Steven: Whoever that is, it took out Brainwave. What do we do?
Jordan: We don’t worry, Steven. I killed one Starman. I can kill another.
Brainwave: What am I thinking?
Henry: Come on, Dad.
Brainwave: Try and guess.
Henry: I hate when you stare at me like this. It’s weird.
Brainwave: Look me in the eyes and tell me what I’m thinking.
Henry: That I have to take the bus? I don’t know.
Larry: My dad used to tell me, ‘You gotta want pain. You gotta make pain your friend.’ You’re making choices for your future self right now, your better self. Your better self is going to thank you for it.
Pat: How long we been doing this?
Larry: Three minutes. Only 57 more to go.
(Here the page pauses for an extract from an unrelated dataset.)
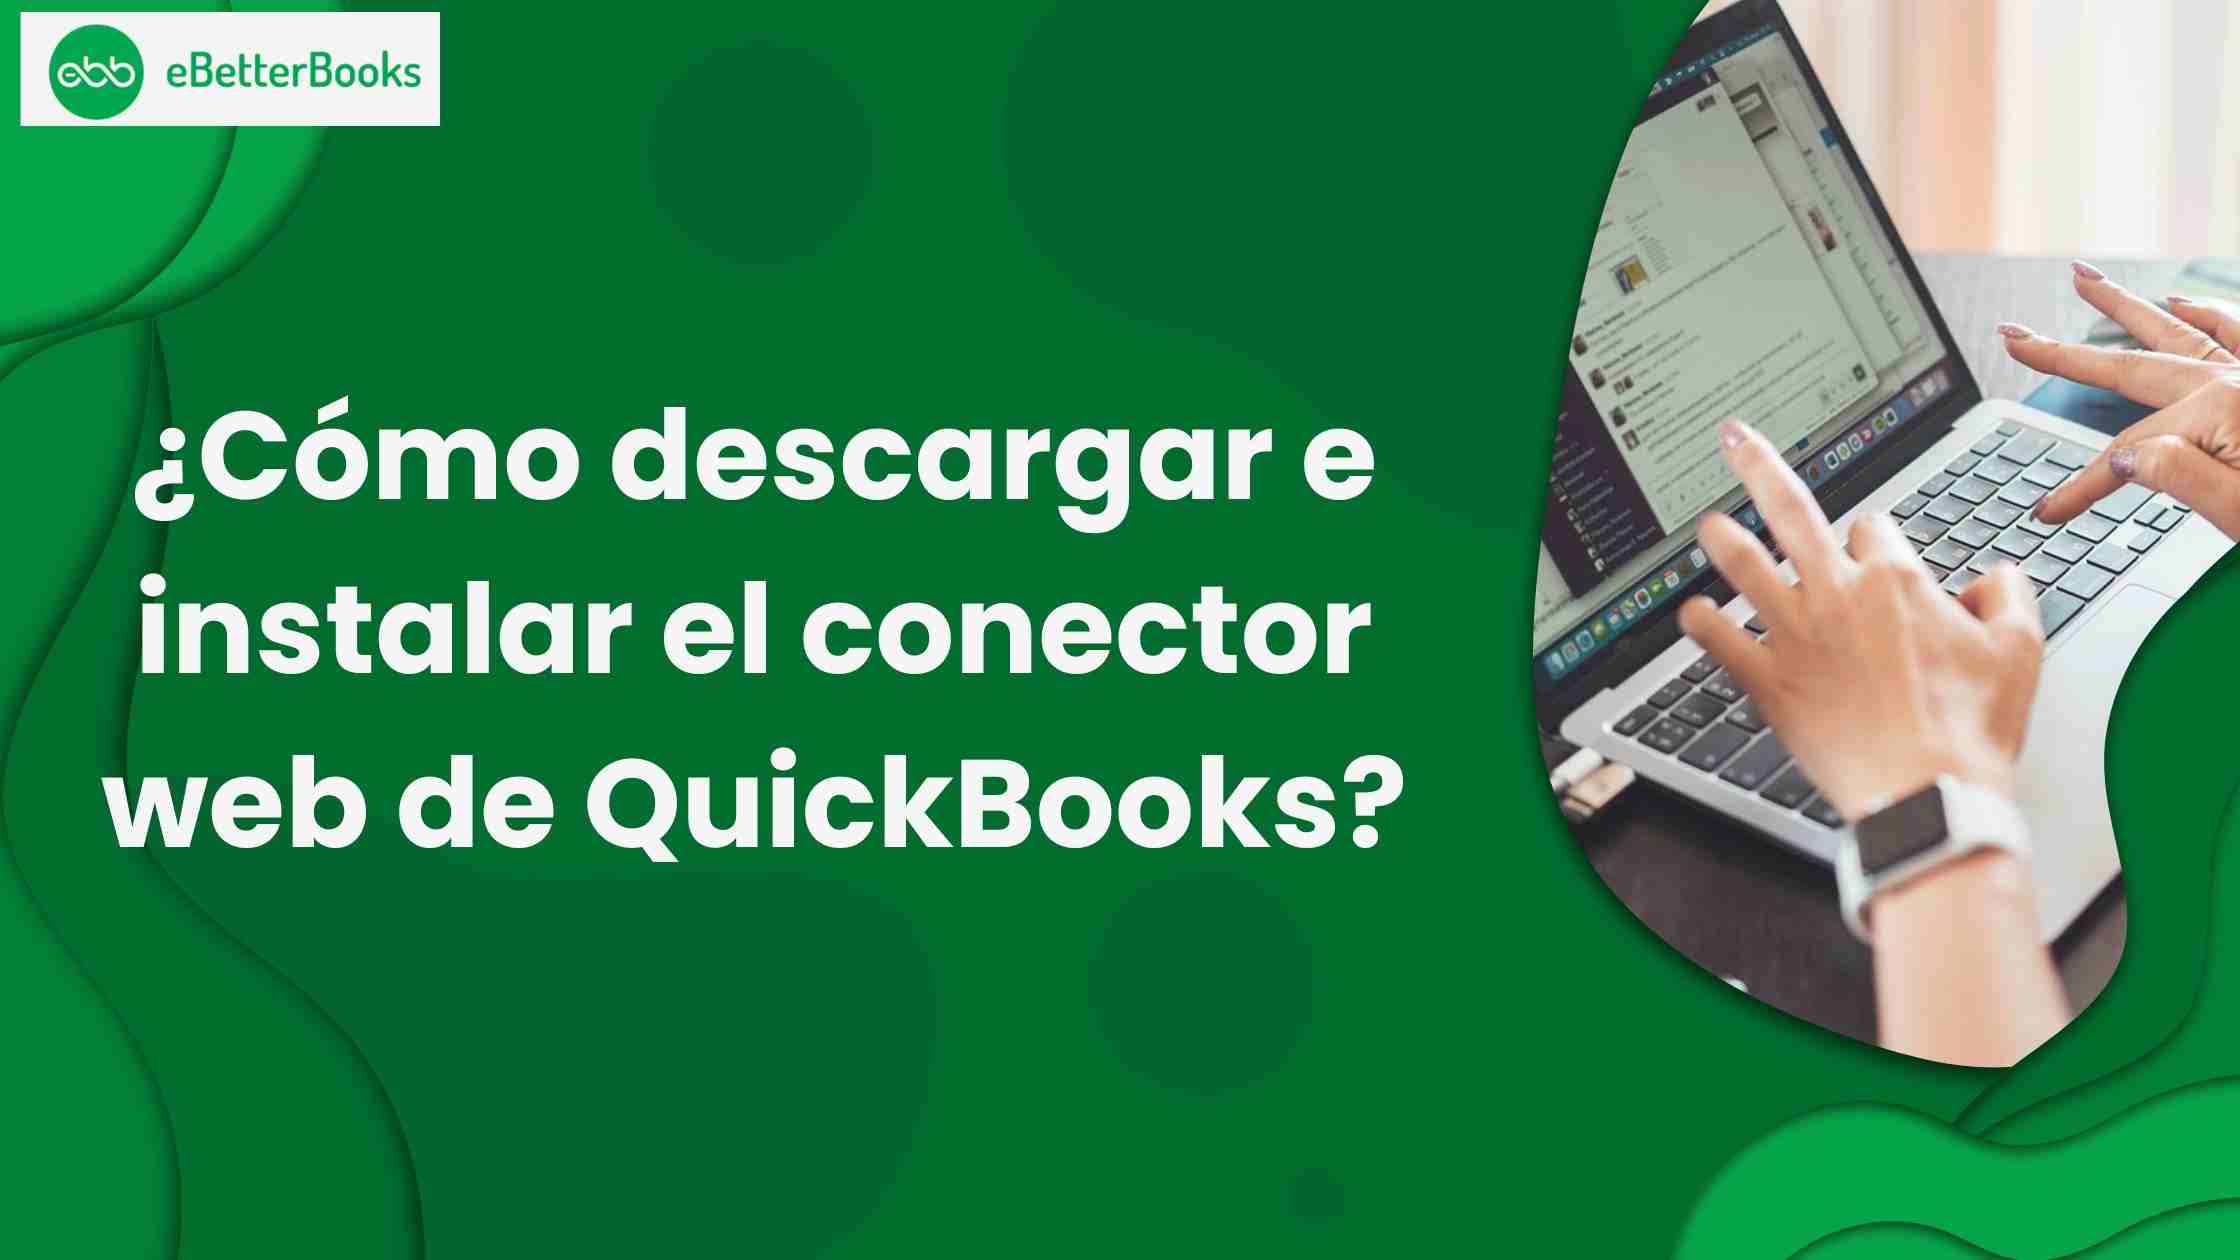 ¿Cómo descargar e instalar el conector web de QuickBooks?

Pat: Stop looking for Brainwave. I’ve got it.
Courtney: We can cover more ground together. You keep checking out the gym. I’ll head to some classrooms.
Pat: Listen to me, Courtney…
Courtney: Meet back at the cookies in 10.
Pat: Hey, hold on a second, you’re not…
Courtney: Stop standing around.
Pat: Hey, stop.
Courtney: Move Patrick.
Pat: Stop telling me what to do.
Courtney: Stop trying to scare me.
Pat: You should be scared, understand me?
Courtney: Well, I can’t be right now. Pat, my whole life I’ve waited for my father to show up, and now I know why he didn’t. Brainwave and the others took him from me, and the staff is giving me a chance to get justice for that, for my dad, for the JSA, for your friends.
Pat: I don’t care that that staff works for you. You’re staying here.
Brainwave: Who are you?
Pat: Who am I? Someone looking for justice.
Courtney: I’m Stargirl, and that’s my sidekick.
Courtney: Come on sidekick. Don’t flake on me now.
Pat: The last time I was a sidekick my partner got killed.
Courtney: Yes, but this time you have a freaking robot. You can do this, Pat. The staff chose me, and I choose you. Stargirl and Stripsey. What about STRIPE? Ooh, like an acronym. Um, Subatomic Tactical Robot Internet Pat Enhancer. Nailed it, yes. That’s cool.
Courtney: Who is he?
Pat: He’s called Brainwave, one of the Justice Society’s enemies. A member of the Injustice Society of America.
Courtney: The Injustice Society of America? None of you were good with names, huh Stripsey?
Courtney: Brainwave’s in this town somewhere for whatever reason. So let’s go find him…
Pat: You’re being careless, all right. Brainwave might not be alone, and he saw you.
Courtney: It was dark.
Pat: If he finds out who you are and comes here… I don’t even want to think about it. You know, you might laugh at those red and white stripes that I wore, but people looked at those instead of my face. We had costumes for a reason: to protect our families.
Courtney: Costume, check. I’ll probably need a mask too.
Pat: No, no costumes.
Courtney: No, no, I get it. I totally see your point Pat. Protect the family, superhero rule No. 1.
Pat: Rule No. 1 is I’m doing this without you.
Barbara: Oh my god, what happened?
Courtney: Oh, I fell down the basement stairs.
Pat: Get them while they’re hot. Who’s hungry?
Barbara: What happened to you?
Pat: Oh I, uh, well I tripped down those basement stairs.
Barbara: You both fell down the basement stairs?
Courtney: Yeah, there’s a bad step.
Pat: There’s a couple of bad steps down there.
Mike: Good-bye In-N-Out, good-bye friends, good-bye indoor plumbing.
Pat: It’s Nebraska. It’s not Siberia, Mike.
Mike: I looked this place up on Google Earth. Blue Valley doesn’t have jack.
Pat: It’s got fresh air, it’s got friendly people, it’s got schools without metal detectors. The thing is I need your help with this move, OK. I need you to be positive.
Mike: Positive? I am positive.
Mike: I’m positive this place will blow ass.